TO DO: Across the whole listing, return each line exactly, with no images included.

(DATA SECTION)

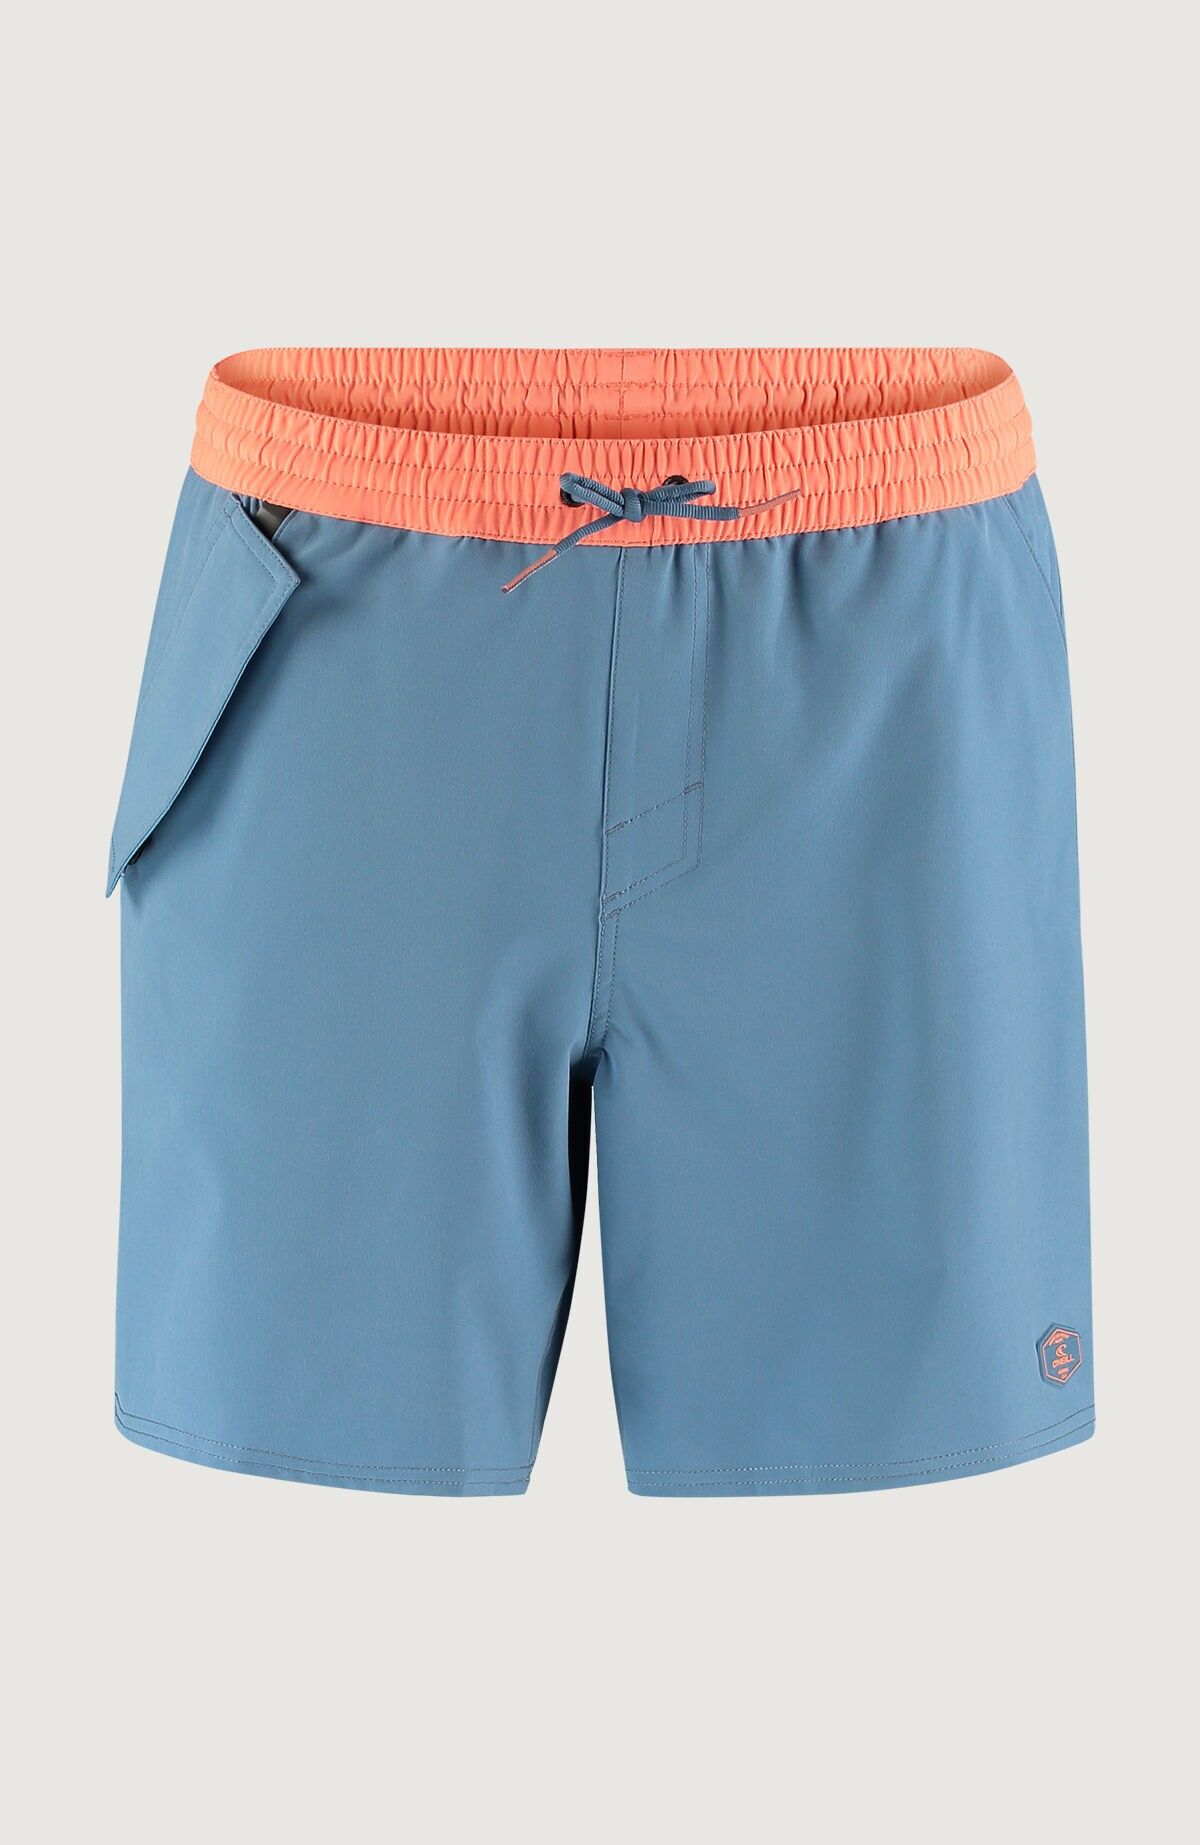 O'Neill Wp-Pocket Shorts - Boardshort Herrer
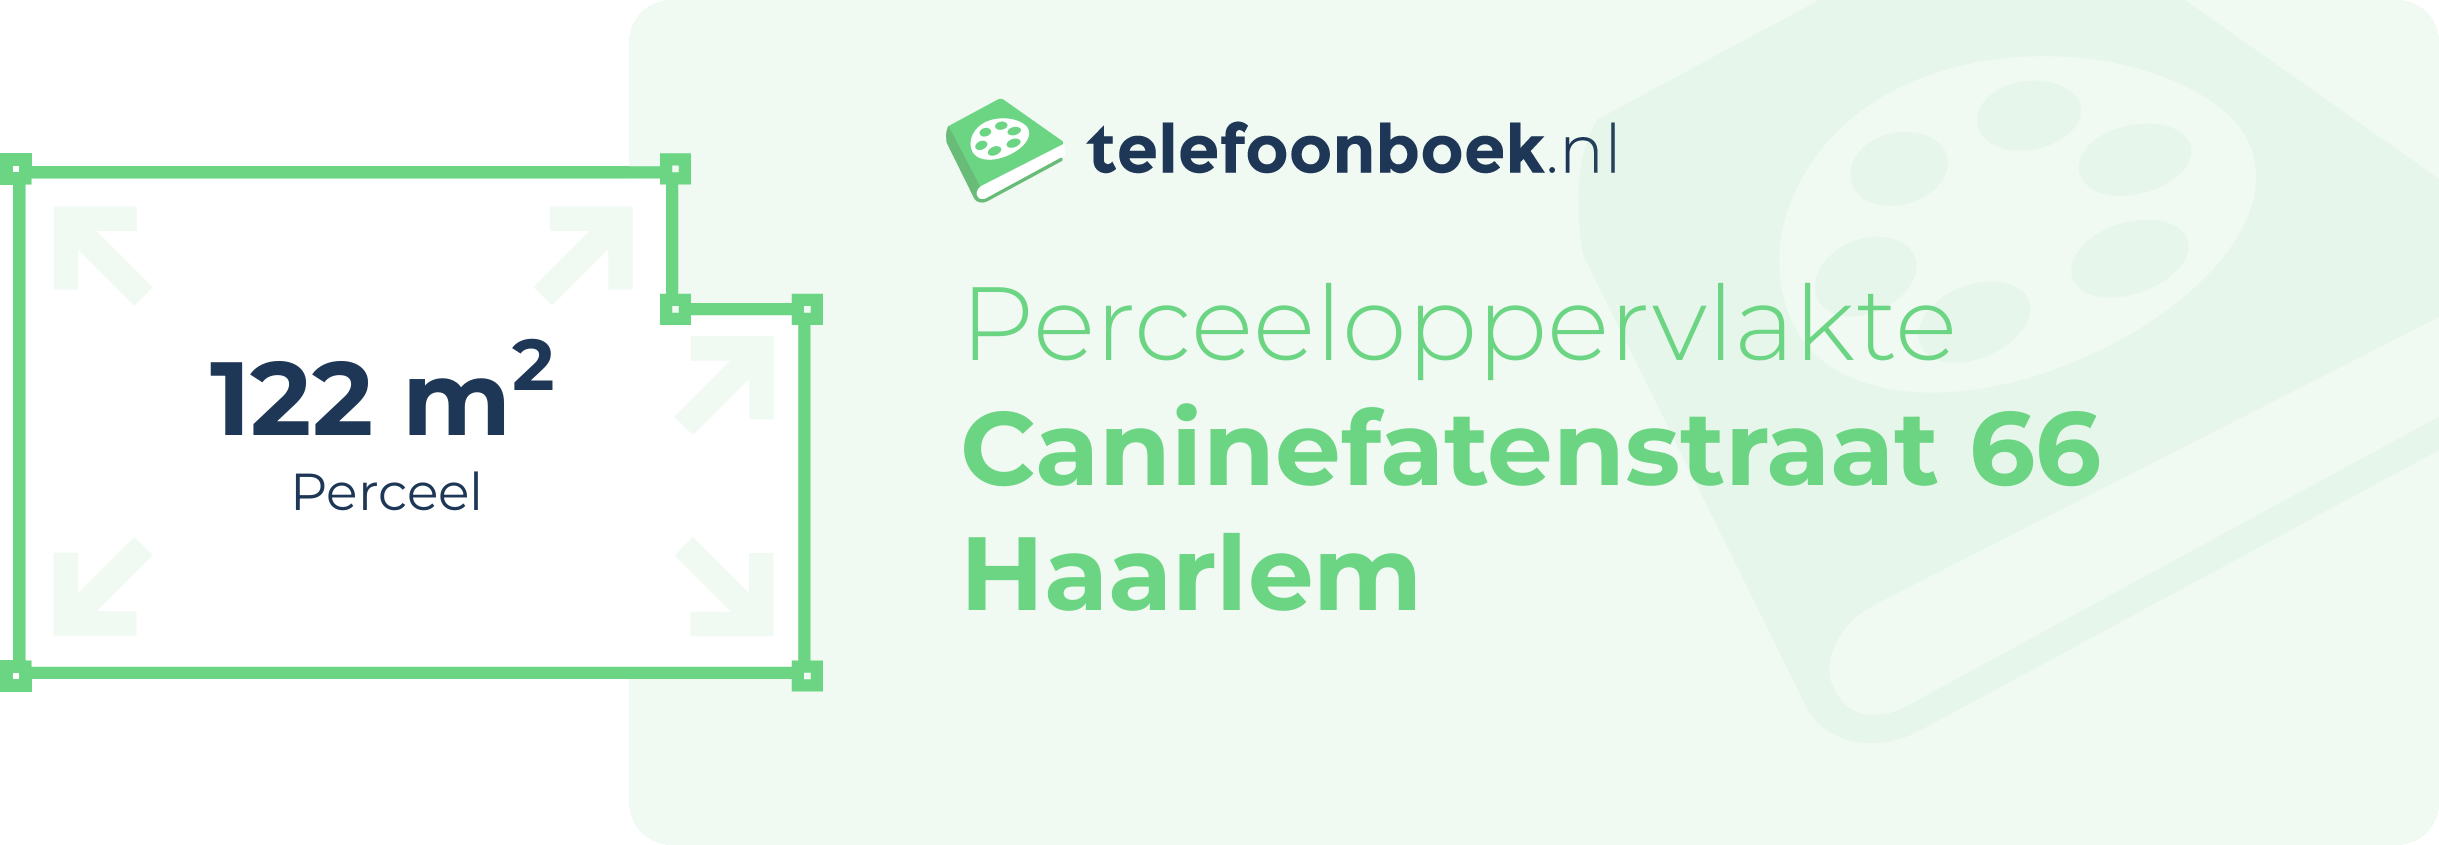 Perceeloppervlakte Caninefatenstraat 66 Haarlem
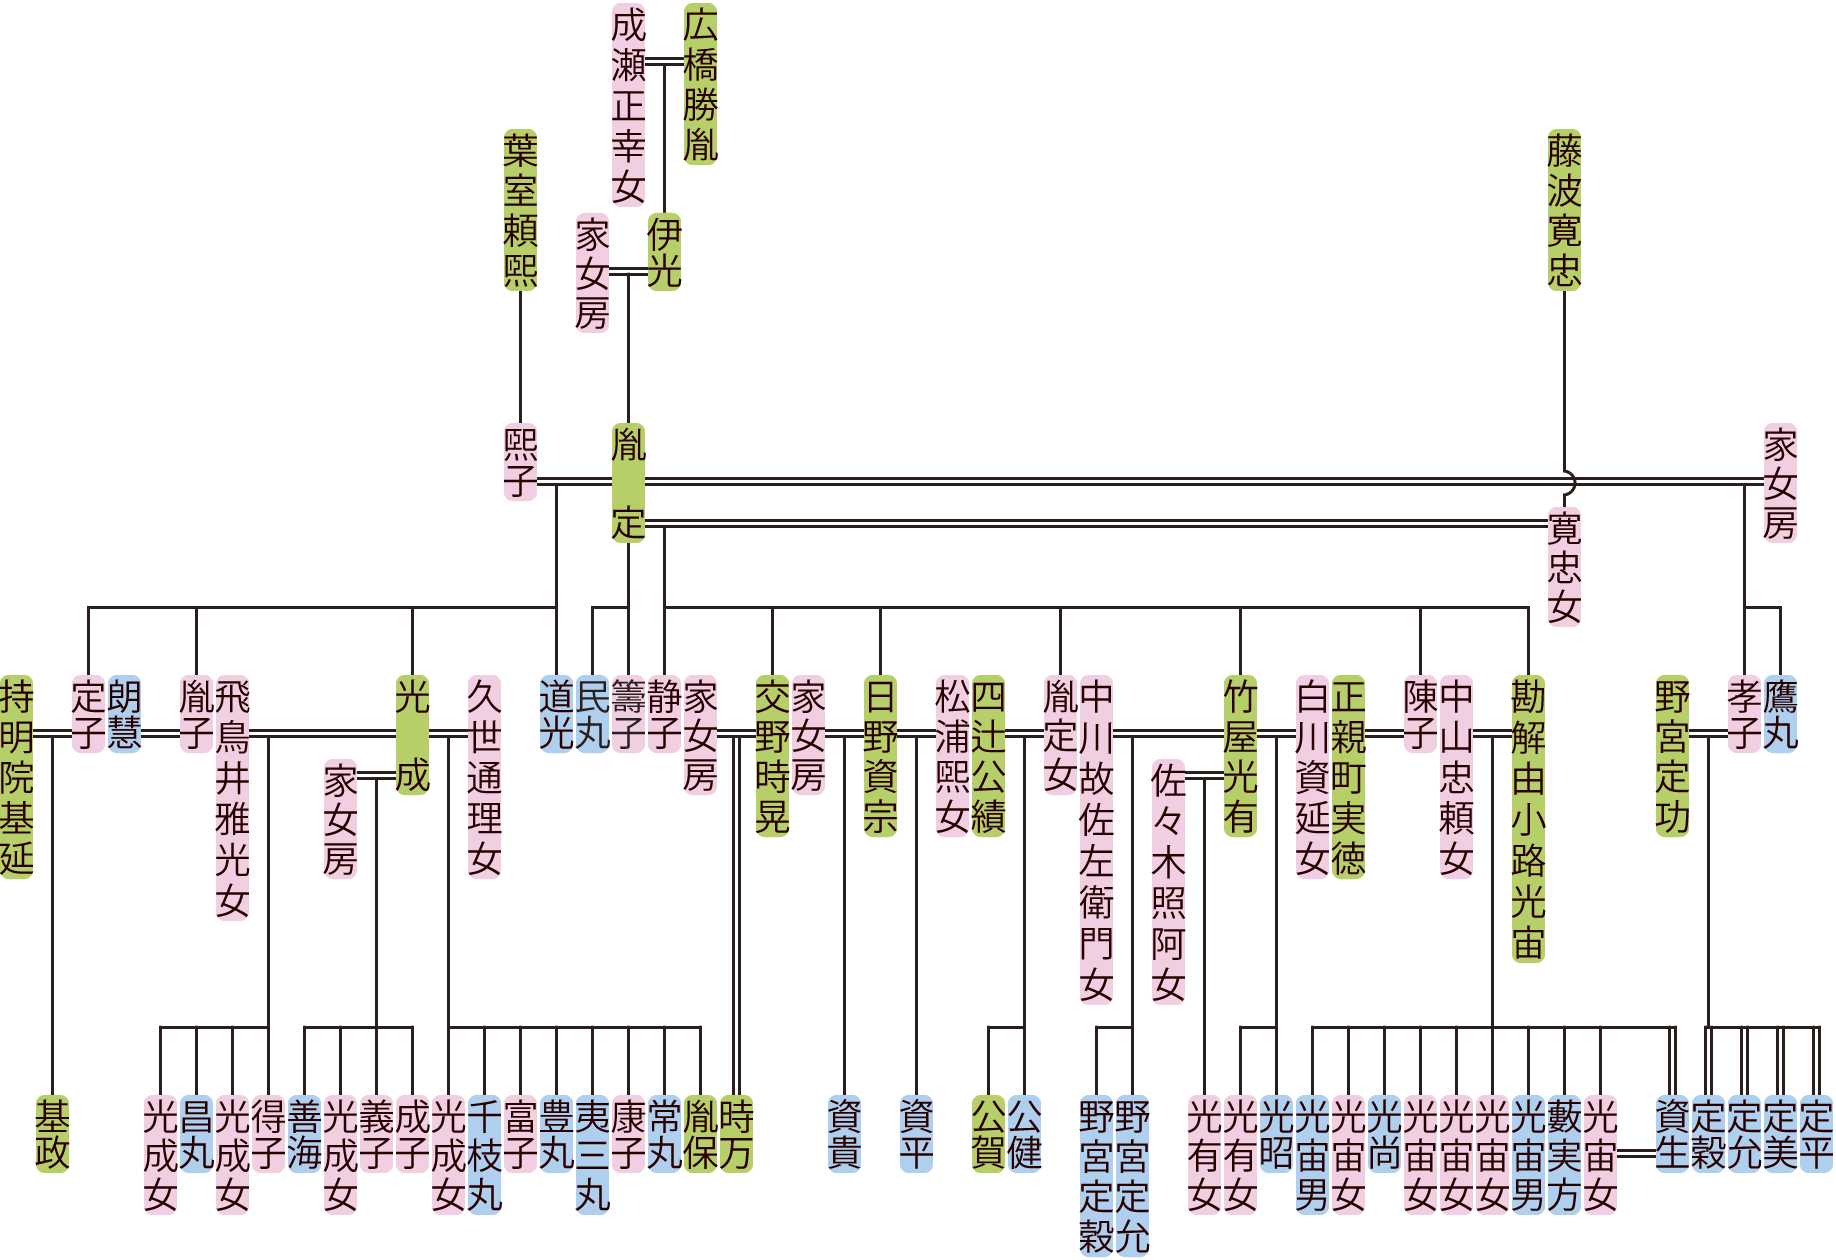 広橋胤定の系図
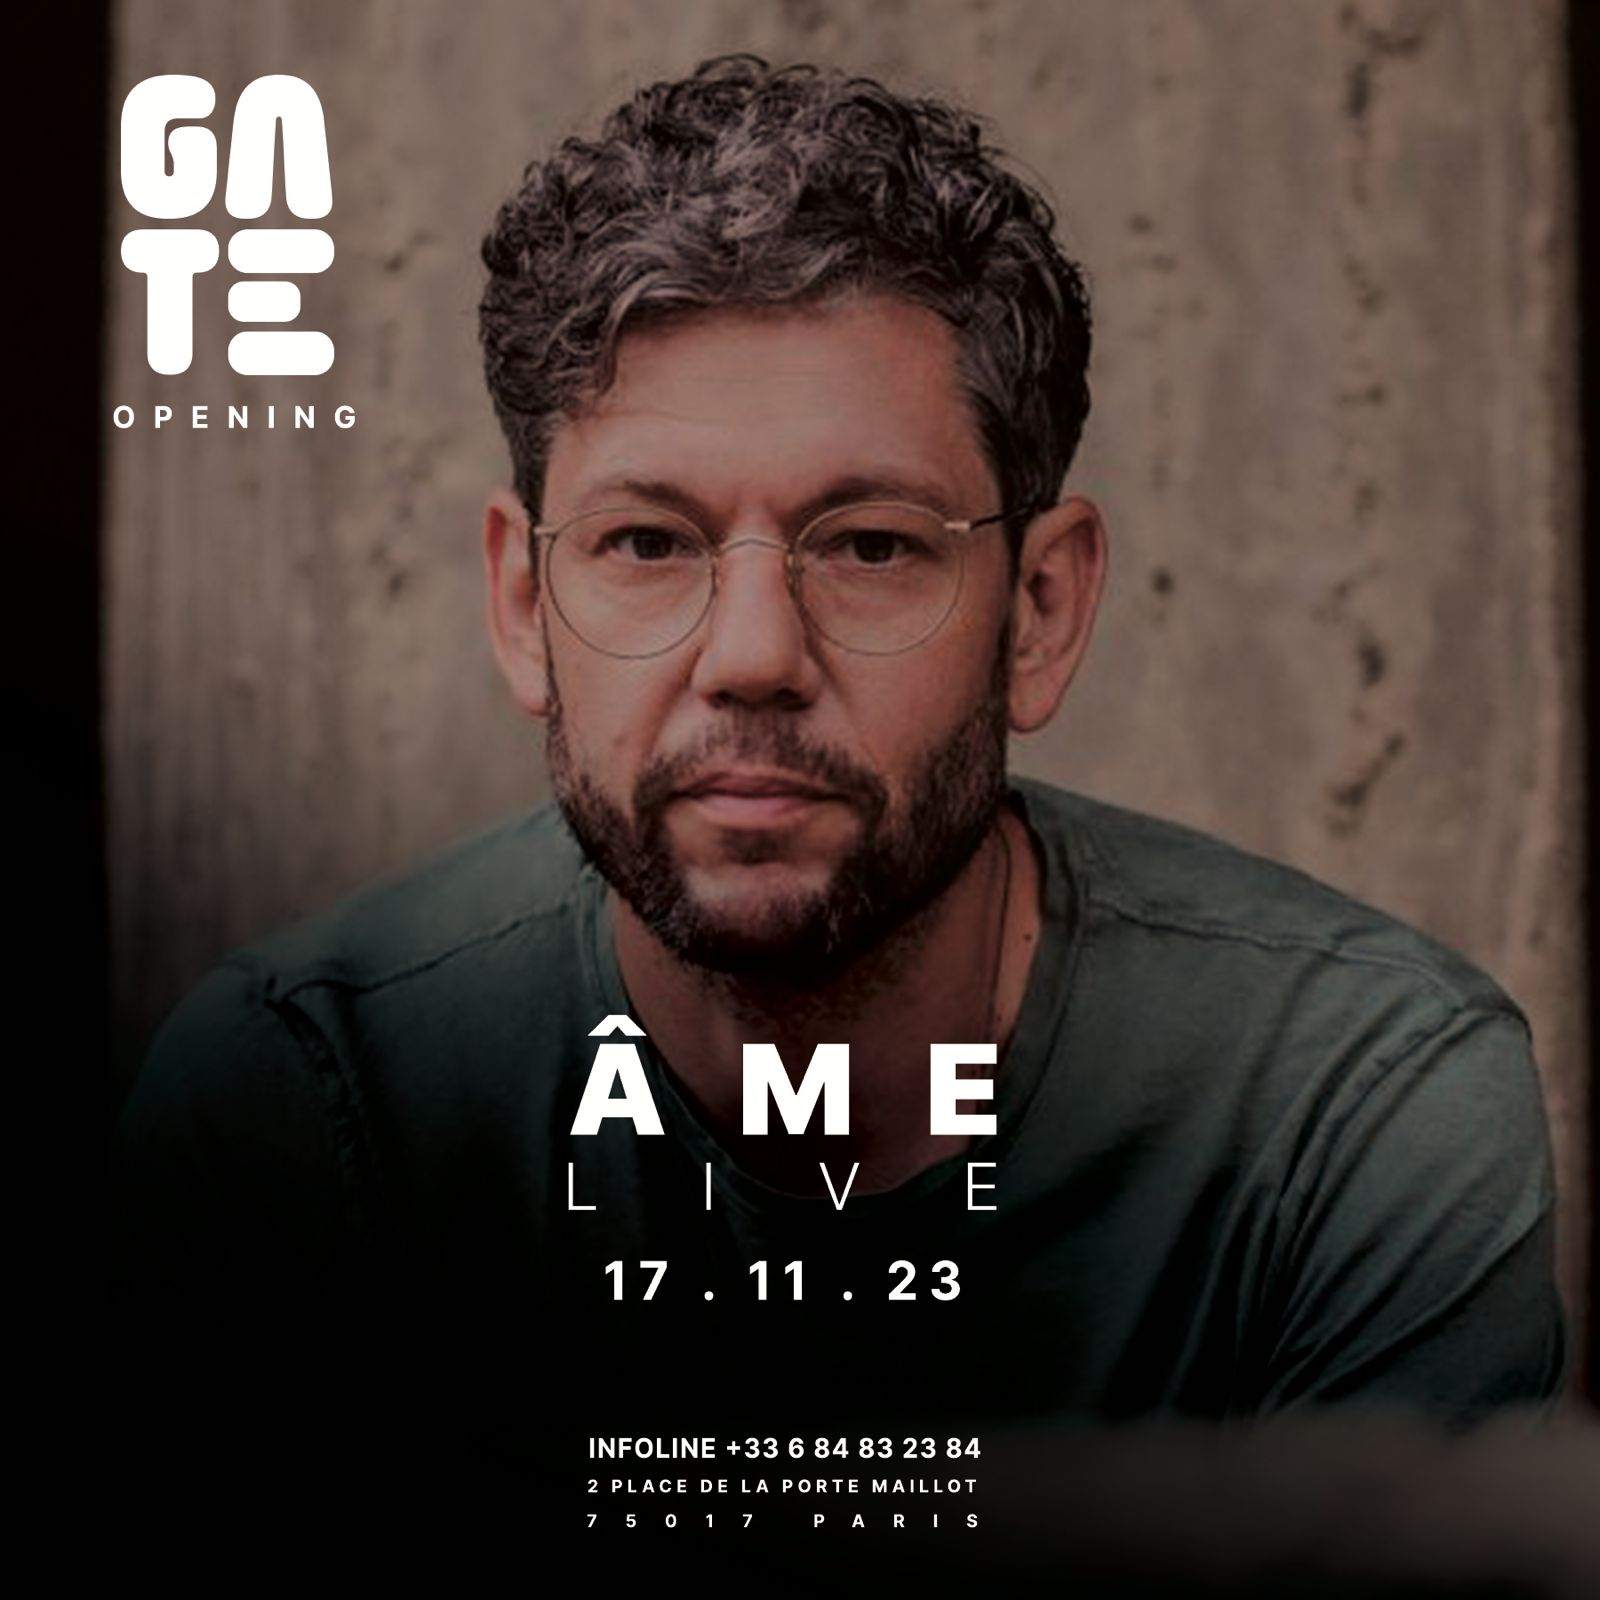 GATE club opening with Âme live - Página trasera

(End DATA SECTION)

SOLUTION FOR THIS PROBLEM:
 O'Neill Wp-Pocket Shorts - Boardshort Herrer
 Perceeloppervlakte Caninefatenstraat 66 Haarlem
 広橋胤定の系図
 GATE club opening with Âme live - Página trasera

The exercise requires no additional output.